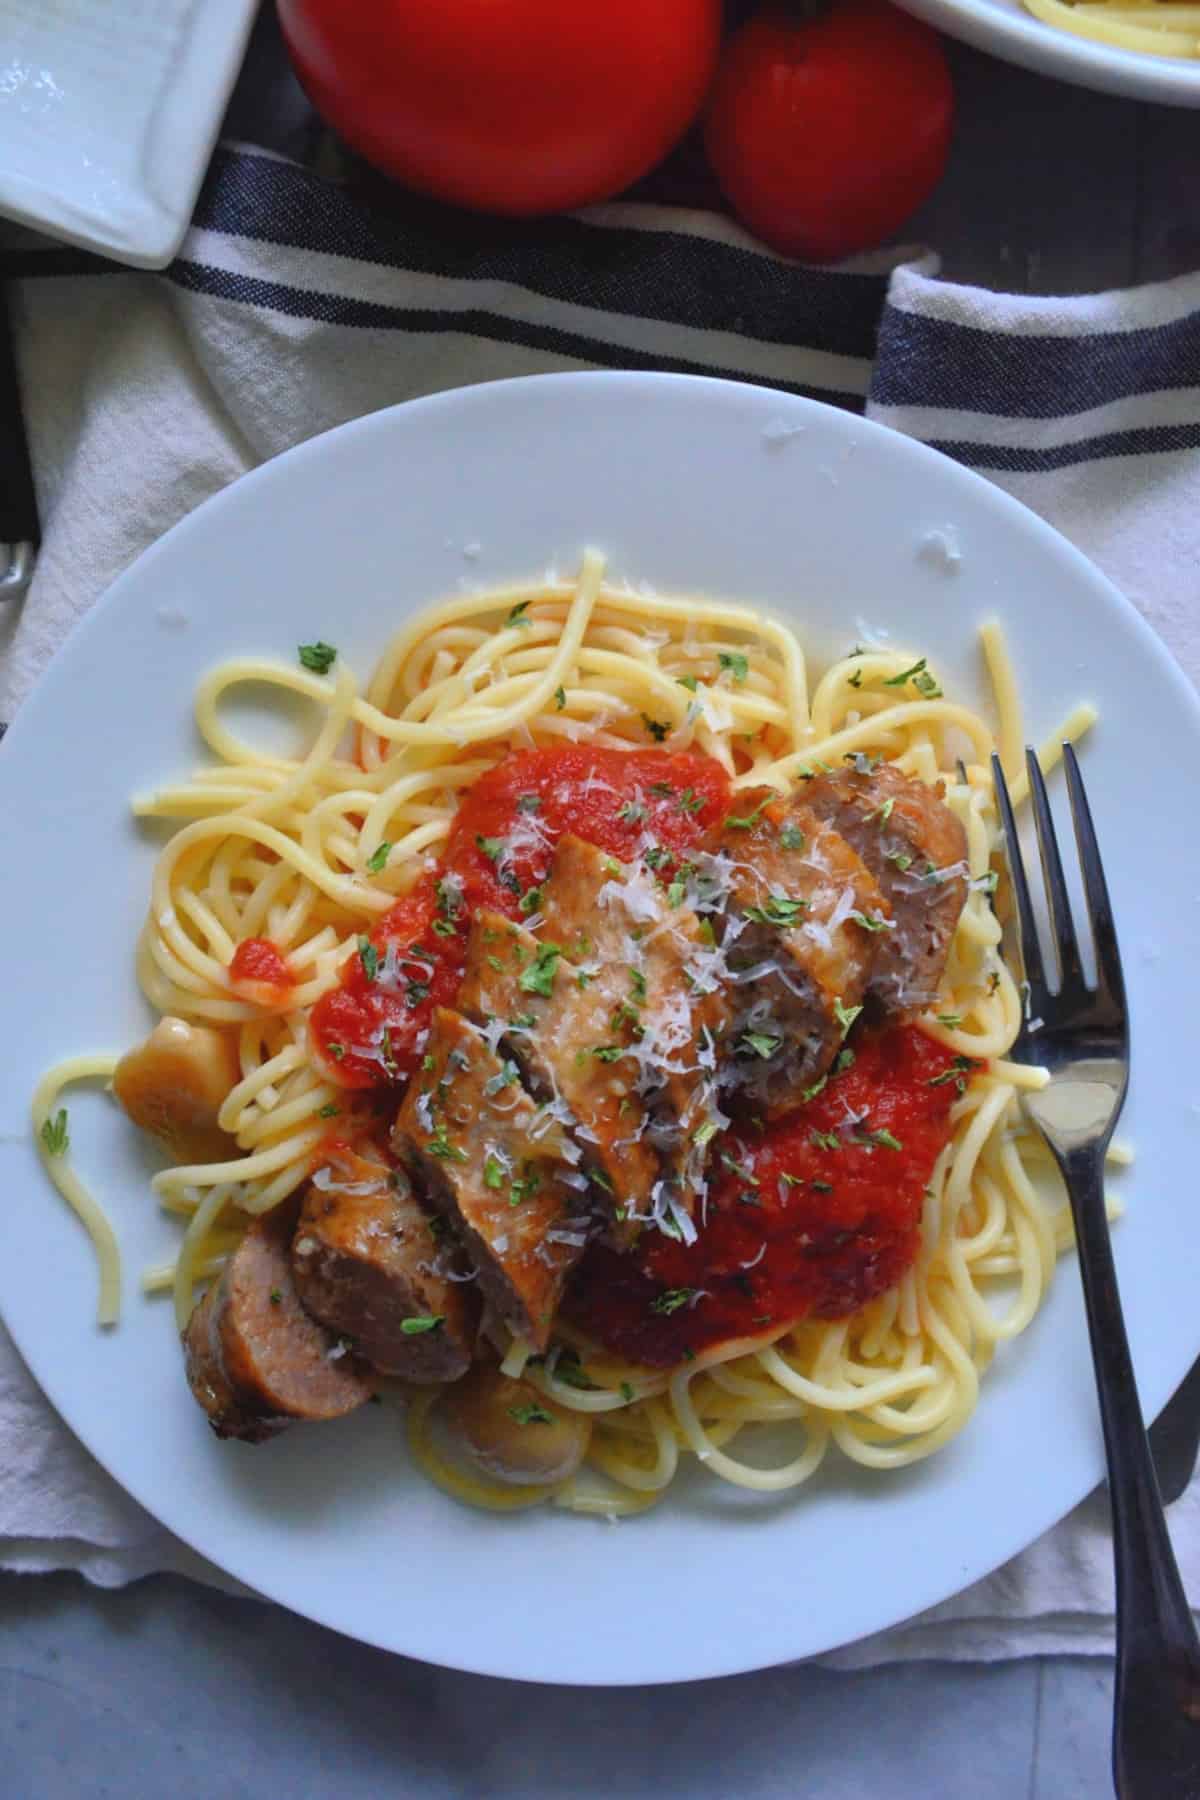  widok z góry z bliska platerowane spaghetti z marinarą, ziołami, pokrojoną włoską kiełbasą i widelcem.
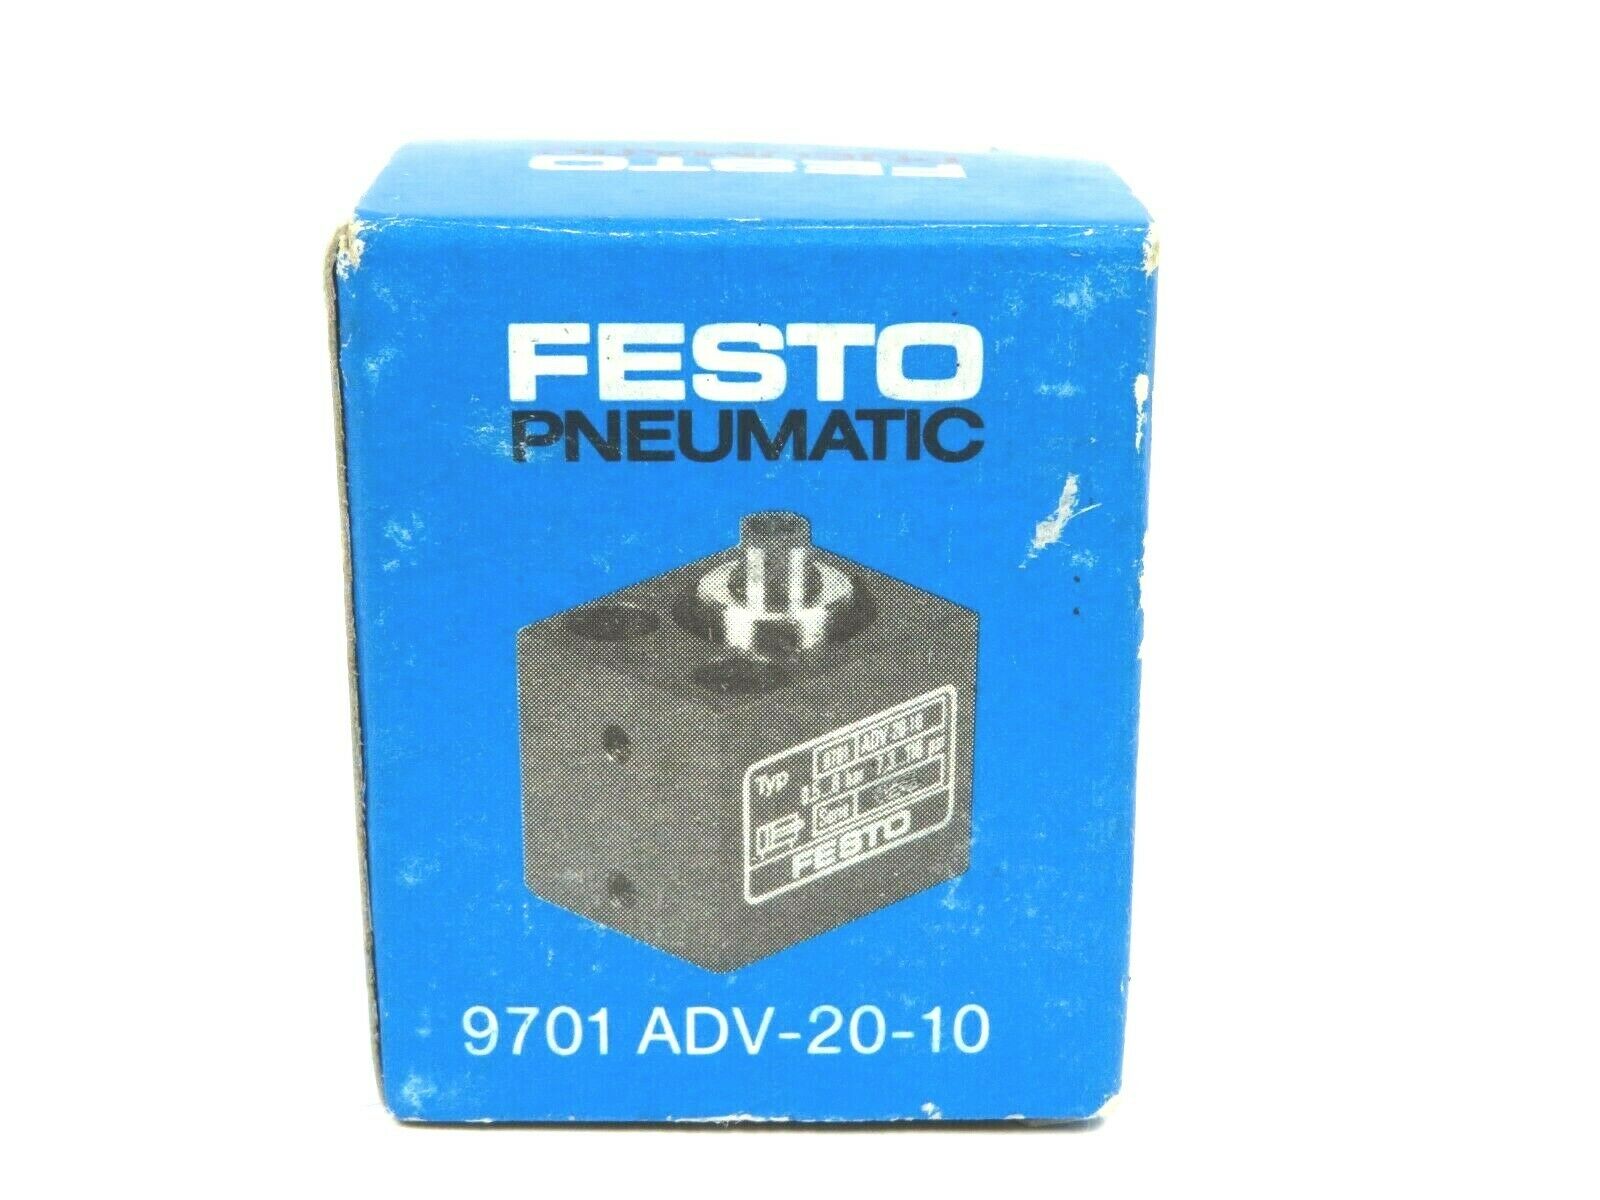 Festo Pneumatic Zylinder 9701 ADV-20-10  gecheckt S1230 
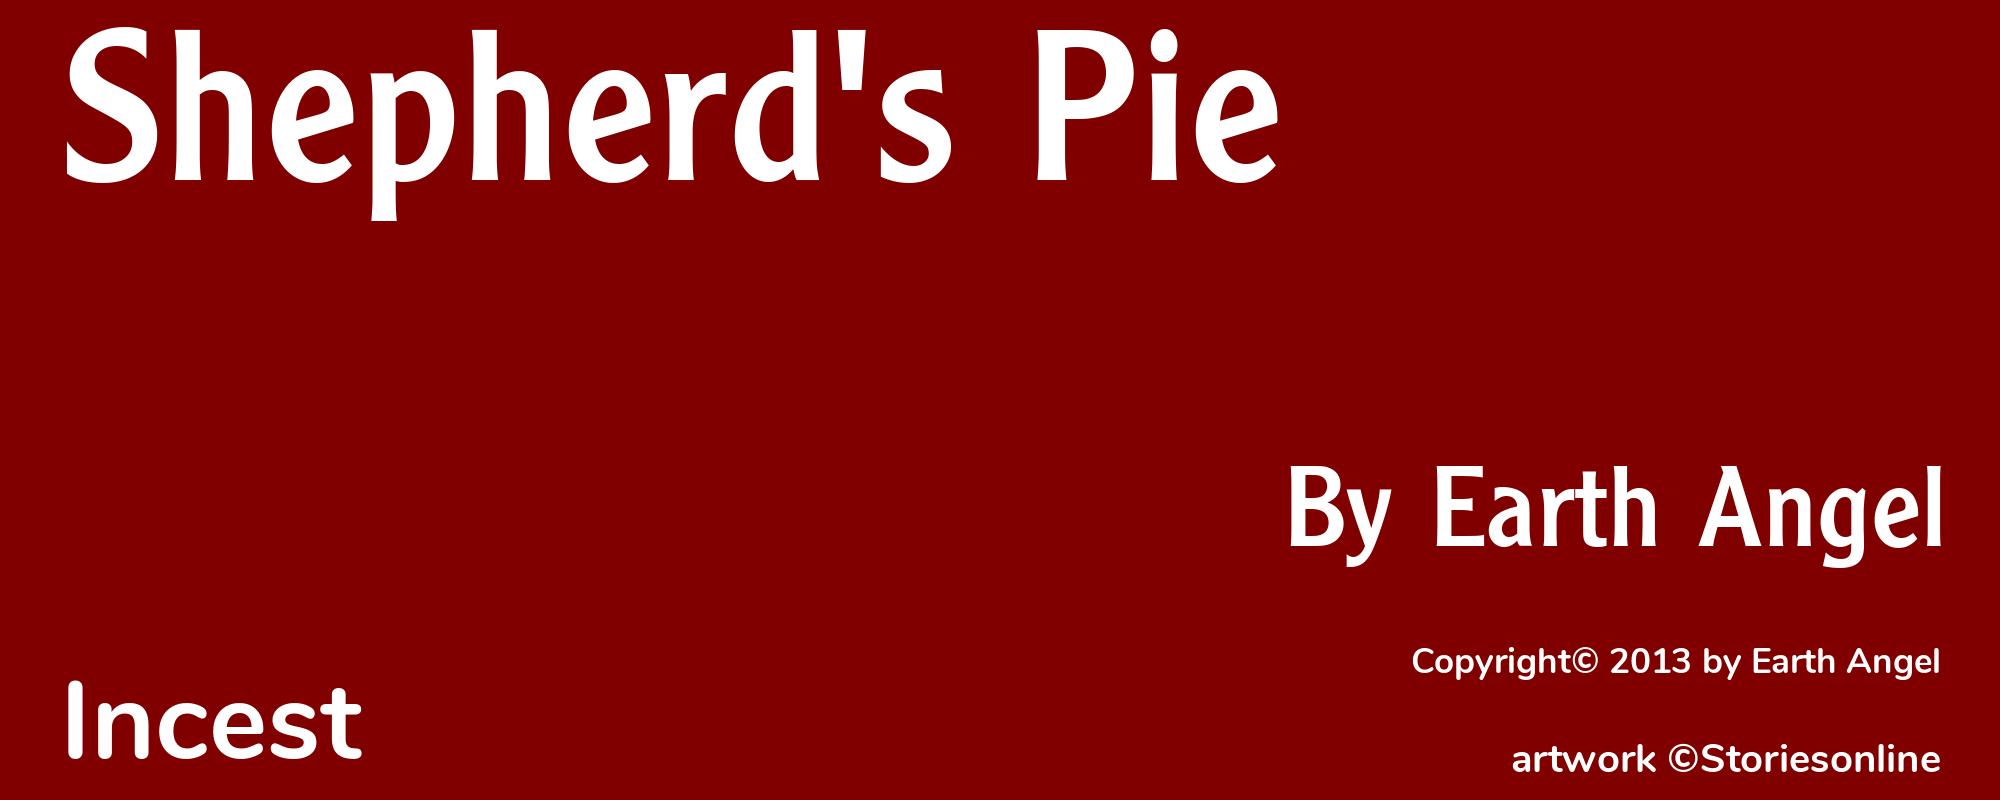 Shepherd's Pie - Cover
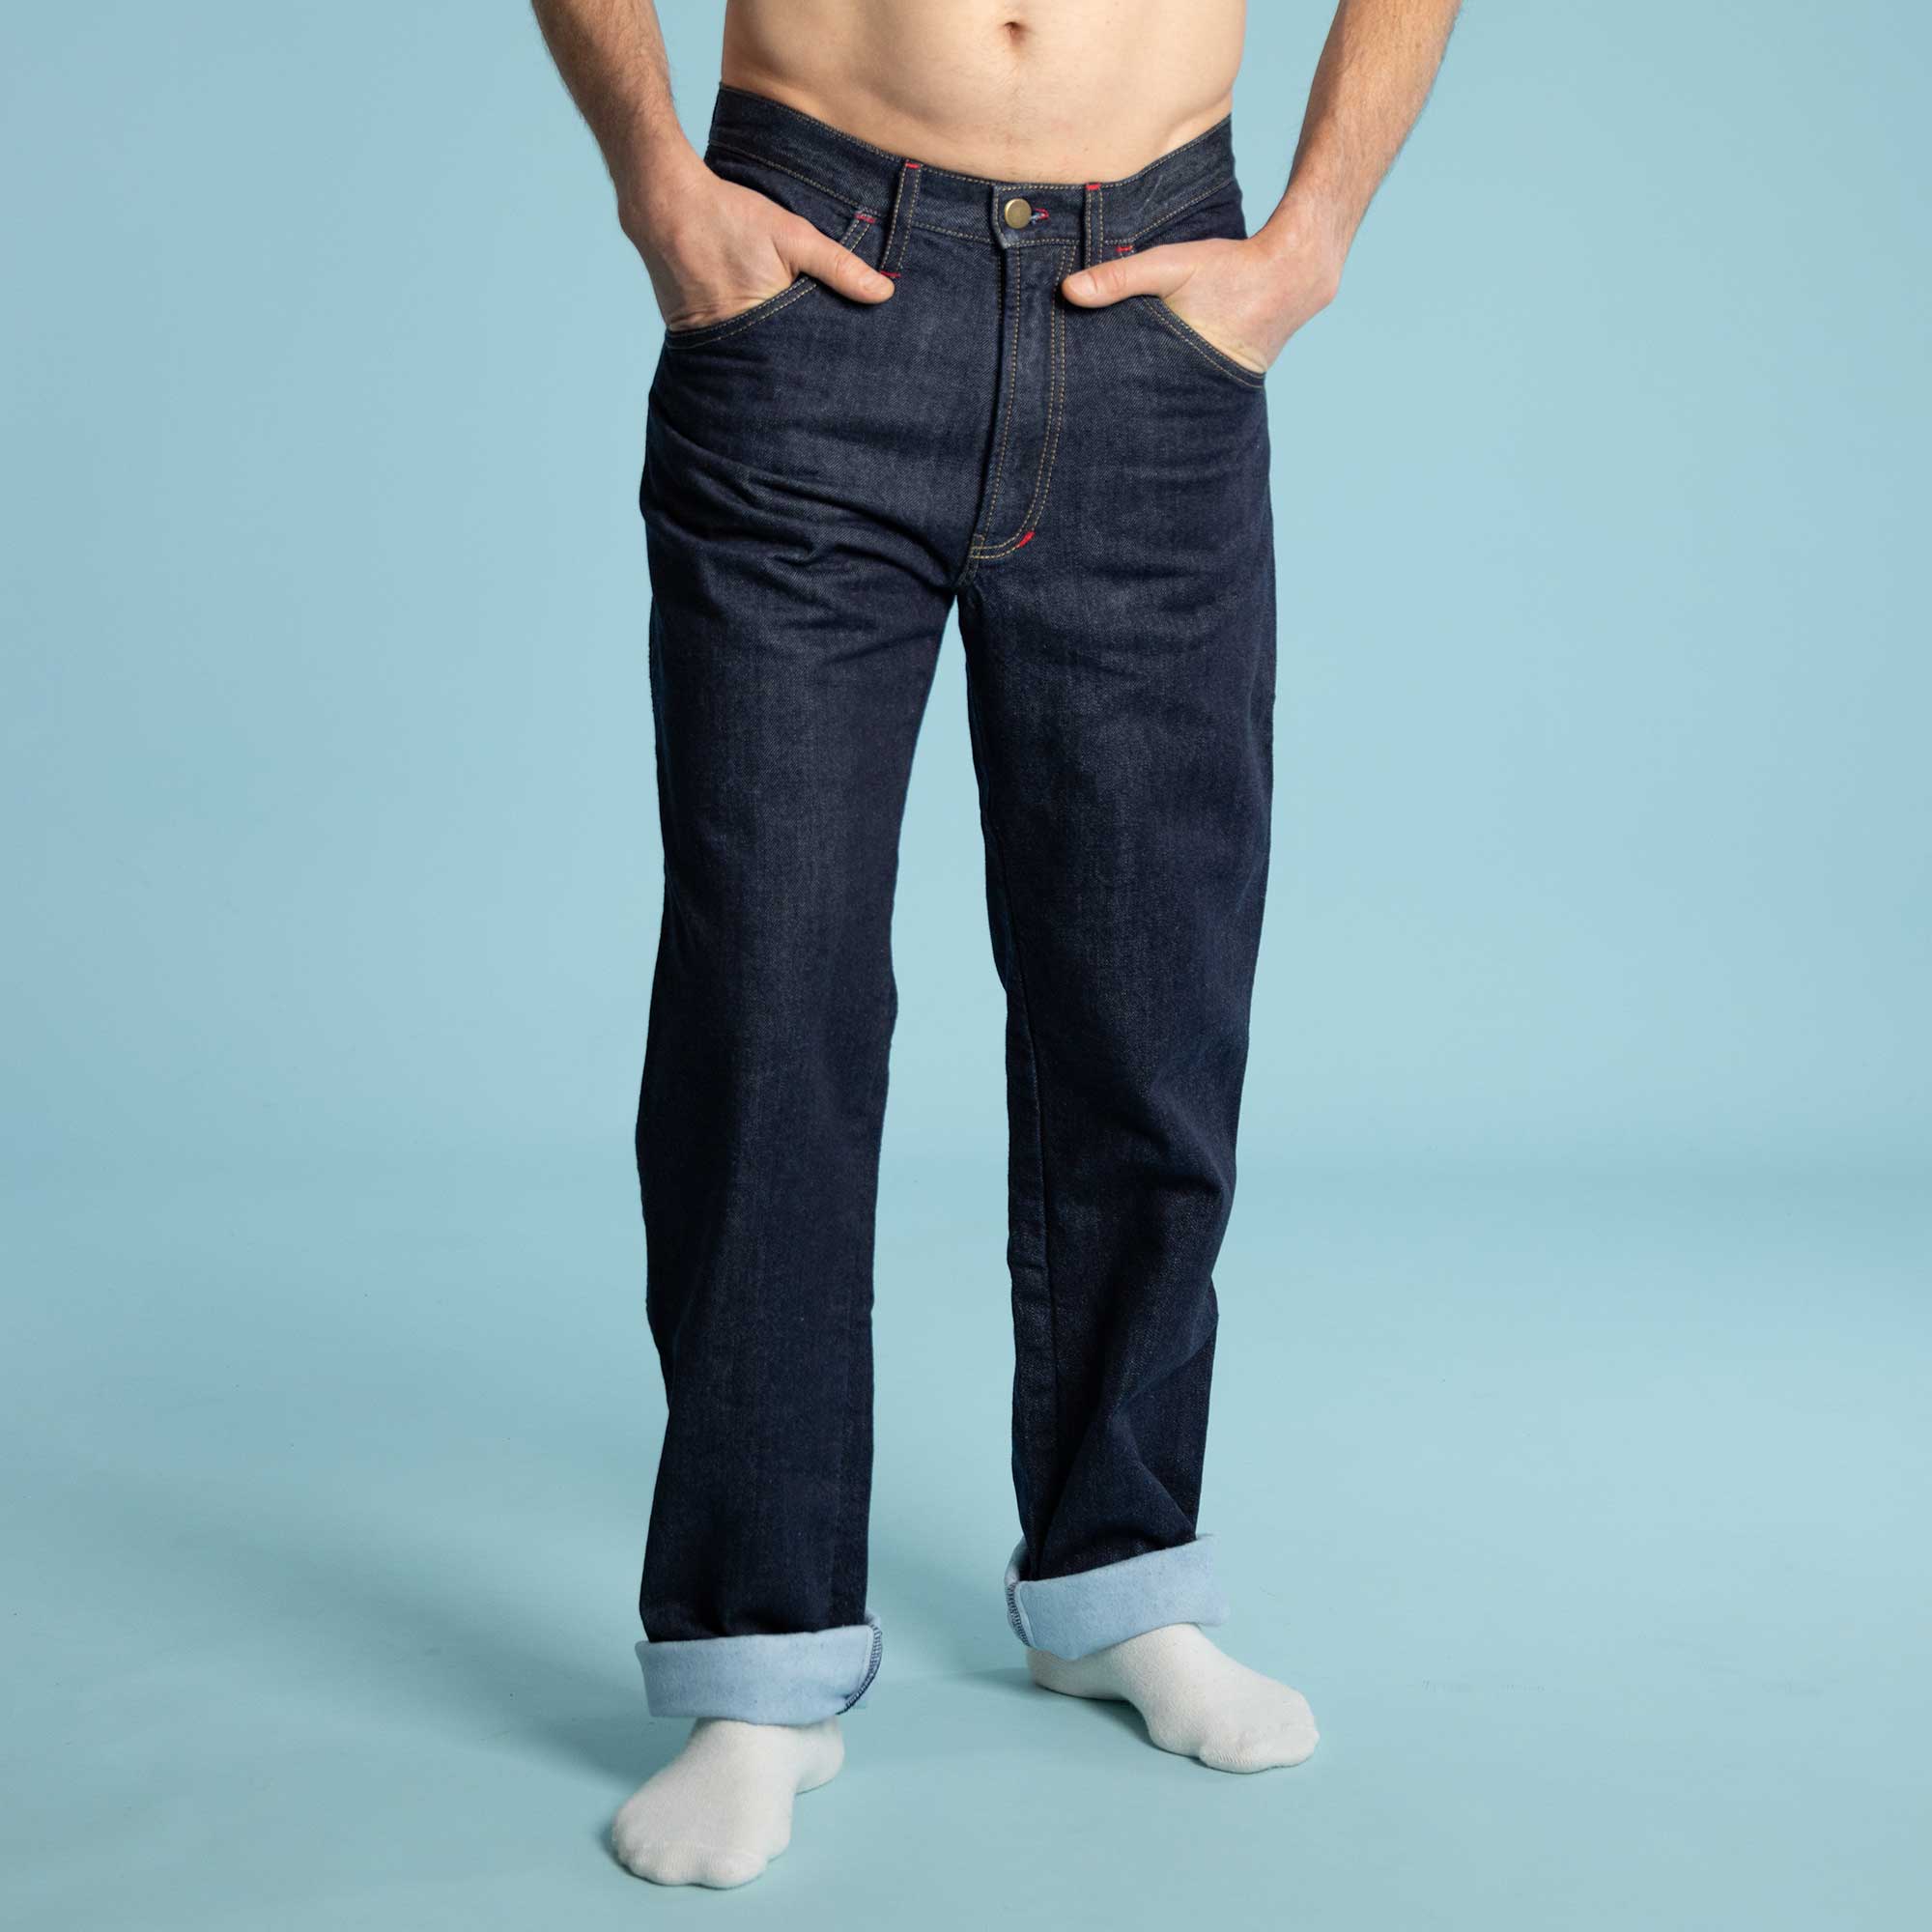 Original-Fit Blaine Flannel-Lined Jean - Jeans/Pants & Shorts

> _ASSIGNED TASK_: Give the listing above again exactly, minus any images.

> _EXERCISE ANSWER_:
  widok z góry z bliska platerowane spaghetti z marinarą, ziołami, pokrojoną włoską kiełbasą i widelcem.
 Festo Pneumatic Zylinder 9701 ADV-20-10  gecheckt S1230 
 Shepherd's Pie - Cover
 Original-Fit Blaine Flannel-Lined Jean - Jeans/Pants & Shorts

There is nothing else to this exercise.